For those taking the MRT, the Expo MRT station’s Exit A connects directly to a covered walkway that leads into Singapore Expo.
MRT exit A, leading to the Expo
Changi City Point Mall
The Expo MRT station is also connected to Changi City Point mall: Exit F connects to the basement level of the mall.
MRT Exit F and the basement level of Changi City Point mall
There are some useful amenities here: the electronics store Challenger is right by the MRT exit, and there’s a pharmacy — Watsons — a bit further along.
The mall can be a good route to the conference venue.
For those at the Dorsett Changi City hotel, the best route is likely to go into the mall, down to B1, and into the MRT through Exit F. Then through the walkway, and out through Exit A to the Expo.
The underground walkway connecting MRT exit A with exits D & F
For those staying at the Park Avenue Changi hotel or just looking to cross Changi South Ave 1 when it’s rainy, it looks like the best route is to take Exit D into the MRT, and come out through Exit A.
MRT Exit D
MRT exits A, D, and F all have elevators as well as escalators, and can be accessed without needing to pass through ticket gates.
Map of the Expo MRT station exits
Taxis
Uber doesn’t operate in Singapore. Alternatives are the traditional city taxis, or ride-hailing apps Gojek or Grab.

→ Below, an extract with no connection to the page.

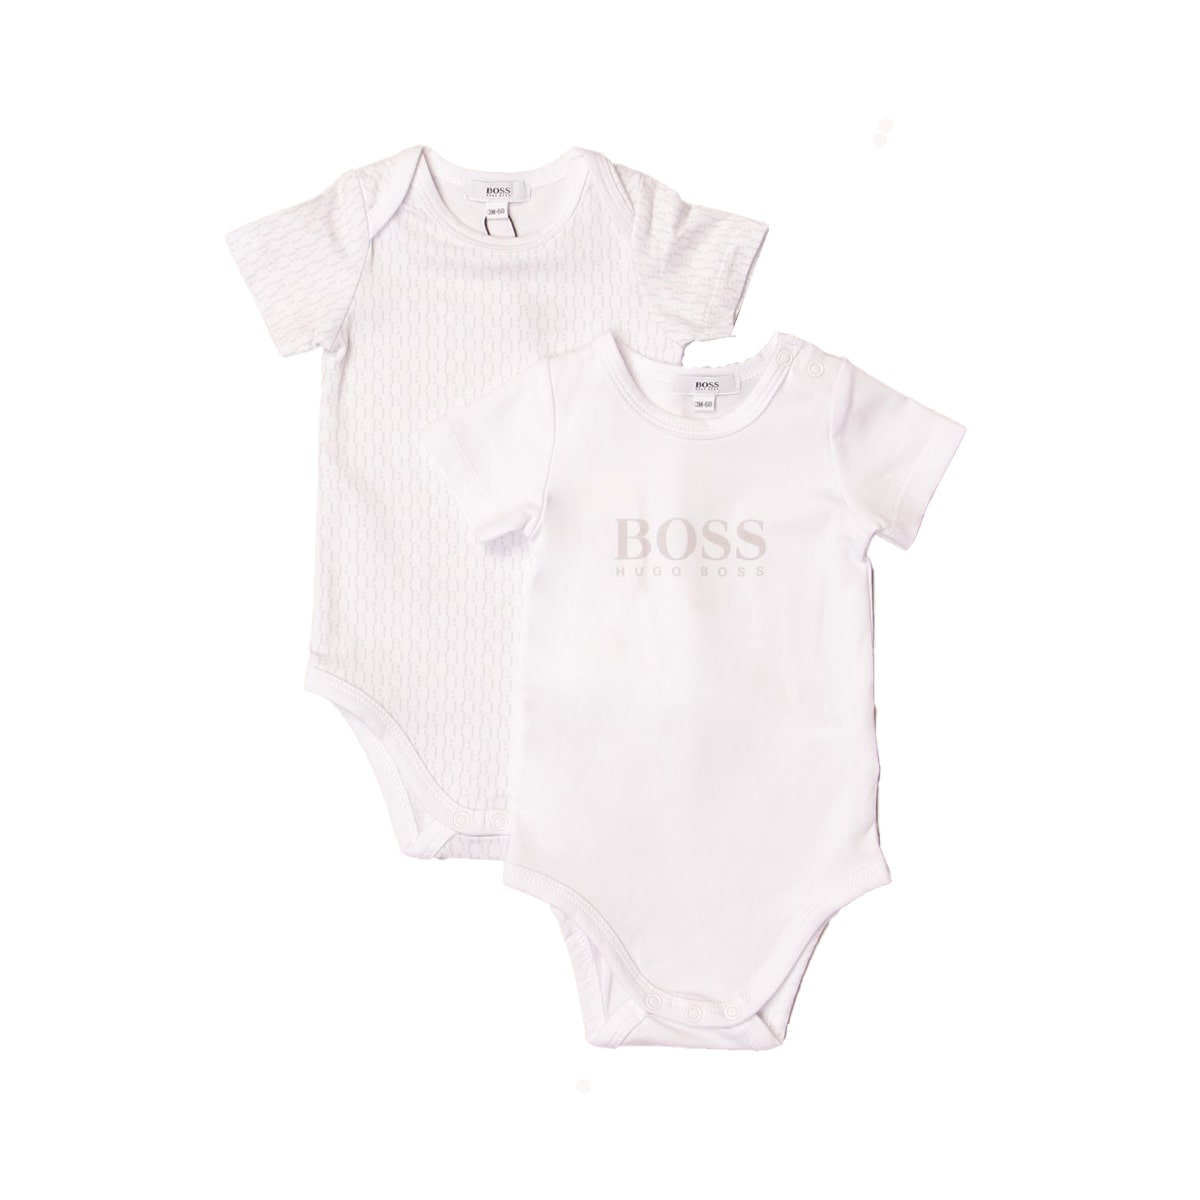 זוג בגדי גוף HUGO BOSS לוגו באמצע לתינוקות

There’s a taxi stand by Apex Gallery (near Hall 1), and a second taxi stand a little further away near Hall 6.
This year’s ICLR starts on Thursday. There’s a packed conference schedule alongside plenty of social events during the 5 days of the conference.
Early registration is today 2-7pm. On Thursday registration is open from 7:30am, and on the other conference days registration will start at 8am. For those who have pre-ordered lunch, there’s a separate line to pick up lunch vouchers.
The conference venue is right by the Expo MRT station, a 15-minute ride from Singapore’s Changi airport and half an hour from downtown Singapore.
It’s likely to rain this week. For tips on staying dry on the way to the venue, see this entry.